On August 15, 2018, USA Network canceled Shooter after three seasons, and its final episode aired on September 13, 2018.

Cast and characters

Main

 Ryan Phillippe as Bob Lee Swagger, a highly trained, retired Marine Gunnery Sergeant and MARSOC Scout Sniper
 Shantel VanSanten as Julie Swagger, Bob Lee's wife
Cynthia Addai-Robinson as Nadine Memphis, an FBI agent investigating Swagger
 Omar Epps as Isaac Johnson, a Secret Service Agent who is also a former Marine Captain and was Swagger's commanding officer in MARSOC
 Eddie McClintock as Jack Payne, a figure involved in the conspiracy against Swagger (season 1; guest, season 3)
 Josh Stewart as Solotov, a Chechen master sniper with whom Bob Lee has tangled before (seasons 2–3)
 Jesse Bradford as Harris Downey, a D.C. staffer who was once involved with Nadine (recurring, season 2; main, season 3)
 Gerald McRaney as Red Bama Sr., owner of Bama Cattle and an Undersecretary in the Department of Agriculture (season 3)

Recurring

 David Andrews as Sam Vincent, Bob Lee's close friend and lawyer. (season 1, 3)
 David Marciano as Howard Utey, Nadine Memphis' superior at the FBI (season 1)
Lexy Kolker as Mary Swagger, Bob Lee's and Julie's daughter
 William Fichtner as Rathford O'Brien, Bob Lee's former shooting instructor
 Tom Sizemore as Hugh Meachum, a CIA black ops operative with mysterious motives (season 1)
 Rob Brown as Donny Fenn, Swagger's best friend and spotter who was killed by Solotov (seasons 1–2)
 Sean Cameron Michael as Grigory Krukov, a Russian FSB agent (season 1)
 Delaina Mitchell as Anna Wallingford, Julie's married sister and Mary's aunt (season 1, 3)
 David Chisum as Jim Wallingford, Anna's husband and Julie's brother in law (season 1)
 Michelle Krusiec as Lin Johnson, Isaac's loyal wife (season 1-2)
 Matt Shallenberger as John Wheeler, a mysterious and deadly Atlas operative (guest: season 1, recurring: season 3)
 Desmond Harrington as Lon Scott, the CEO of Anhur Dynamics (season 1)
 Beverly D'Angelo as Patricia Gregson, a former National Security Advisor
 Jerry Ferrara as Kirk Zehnder, a former marine who always detects a conspiracy and is part of the core team of Bob Lee Swagger (season 2)
 Todd Lowe as Colin Dobbs, a former marine in Swagger's unit, now living in Texas an hour from the Swagger Ranch (season 2)
 Patrick Sabongui as Yusuf Ali, a core member of Swagger's original Marine team (season 2)
 Jaina Lee Ortiz as Angela Tio, an active duty Marine who formerly served with Bob Lee's unit (season 2)
 John Marshall Jones as Sheriff Brown, the local law enforcement in Bob Lee's hometown and a long-time friend (season 2–3)
 Harry Hamlin as Sen.
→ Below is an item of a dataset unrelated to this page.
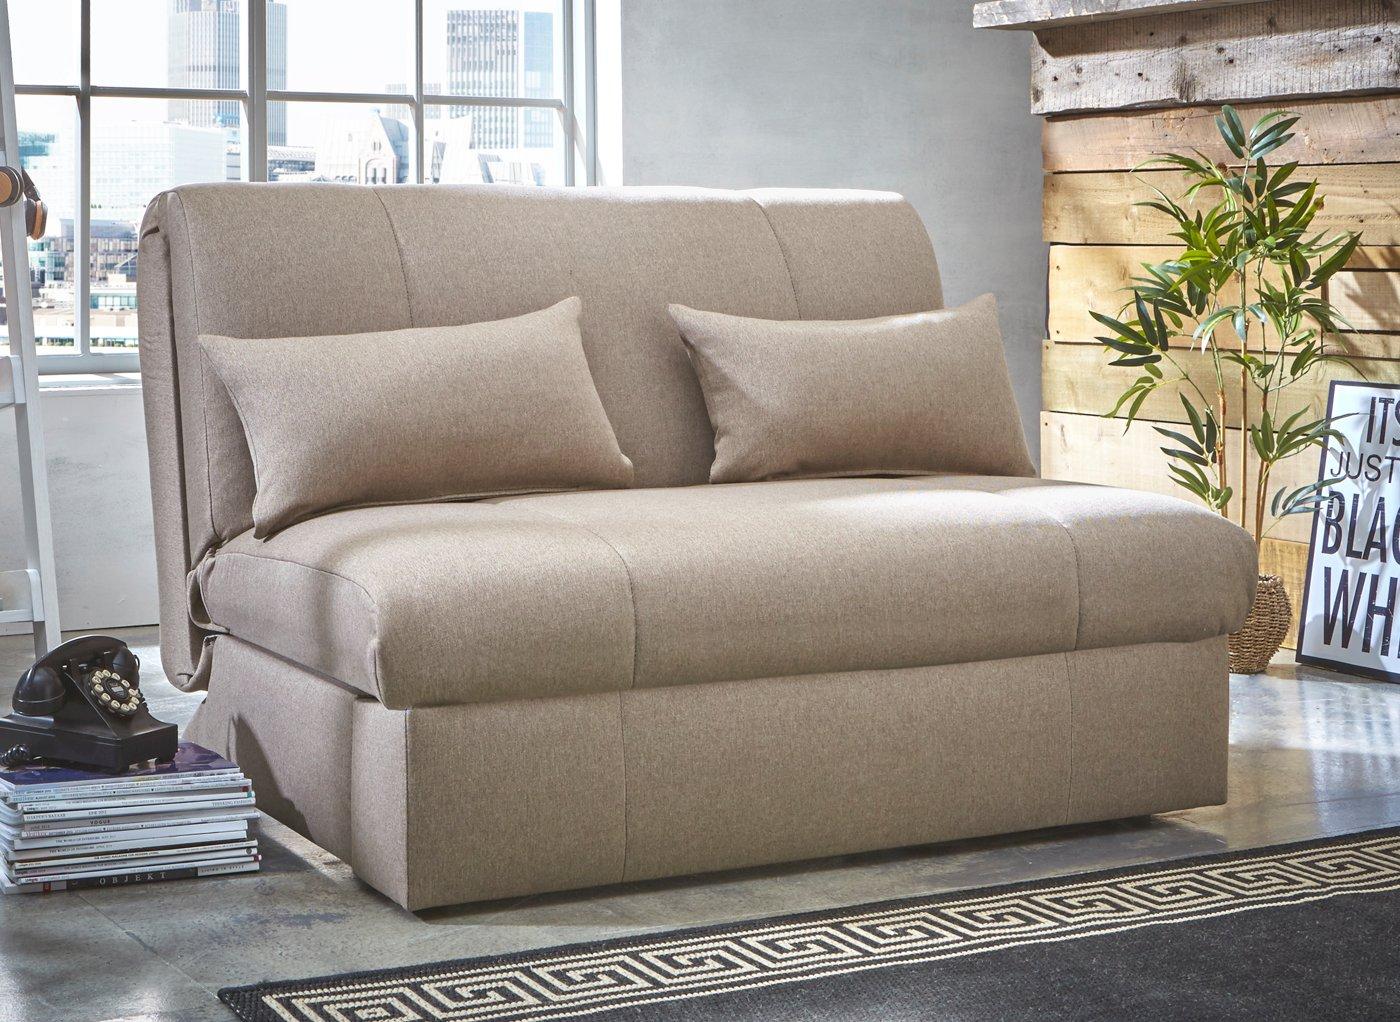 kelso double sofa bed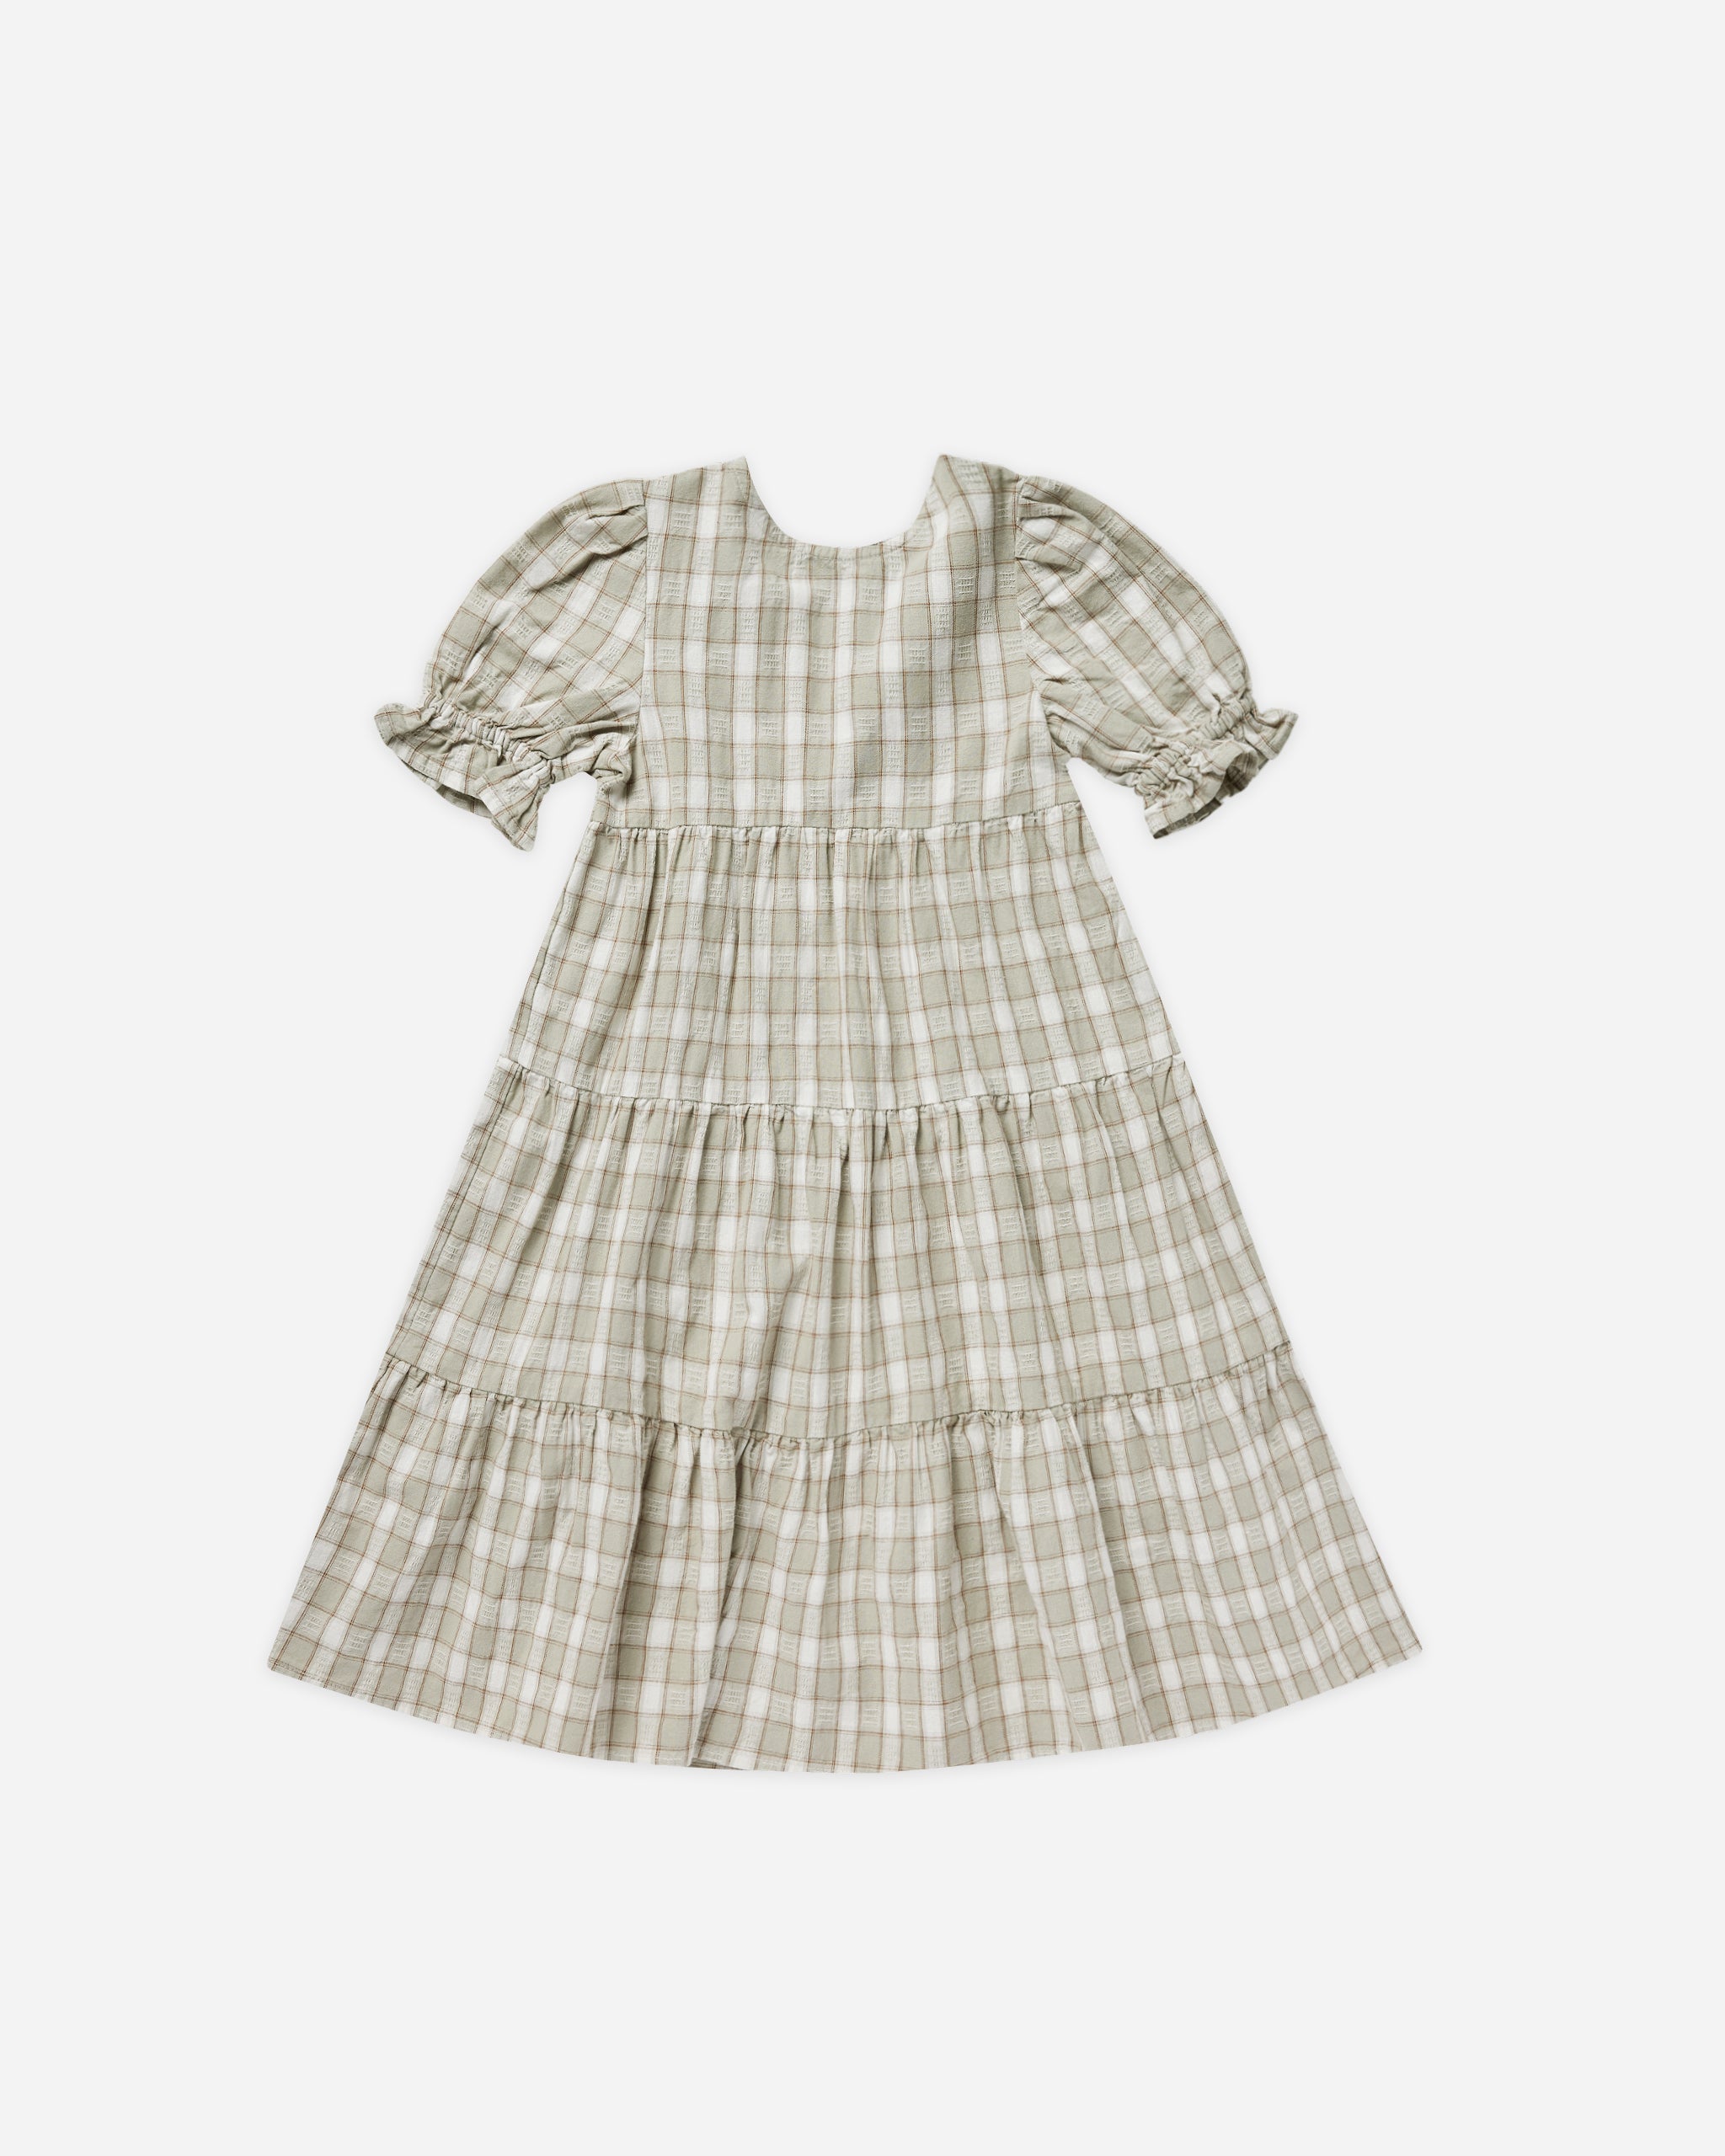 Frannie Dress || Pewter Plaid - Rylee + Cru | Kids Clothes | Trendy Baby Clothes | Modern Infant Outfits |

Addison Hayes, a mysterious and powerful mastermind whose agenda will collide with Swagger (seasons 2–3)
 Troy Garity as Jeffrey Denning, a seasoned investigative journalist who cares deeply about justice being served (season 2)
 Derek Phillips as Earl Swagger, Bob Lee's father, a Vietnam veteran who was sheriff in Bob Lee's hometown before he was killed in 1988 (season 3)
 Tait Blum as Young Bob Lee (season 3)
 Conor O'Farrell as Rick Culp, a West Texas prison guard who may have been involved in Earl Swagger's death (season 3)
 Eric Ladin as Red Bama Jr., Red Sr's screw-up of a son who desperately wants his father's respect and confidence (season 3)
 Brian Letscher as Bert Salinger, an employee of Red Bama Sr. who watches over Red Jr. (season 3)
 Felisha Terrell as Carlita Cruise, a former Atlas operative embedded in the Dept. of Agriculture who helps Nadine and Isaac take down her former employers (season 3)
 Mallory Jansen as Margo, an Agent for the Department of Justice who has been attempting to bring down Atlas for years (season 3)
 Kurt Fuller as Andrew Gold, the Deputy Chief of Staff to the U.S. President and high ranking Atlas member (season 3)
 Dee Wallace as Katherine Mansfield, the long-time former mission planner for Atlas who is now forced to reside in a mental institution (season 3)
 Michael O'Neill as Ray Brooks, a Federal judge nominated for a vacancy on the U.S. Supreme Court and Atlas operative (season 3)

Production
On July 6, 2016, while filming a scene at Agua Dulce Airpark, actor Tom Sizemore accidentally ran over a stuntman. Sizemore was supposed to enter the Cadillac Escalade and stay there until the scene ended, but the stunt coordinator told him to pull out, not realizing that the stuntman was behind him.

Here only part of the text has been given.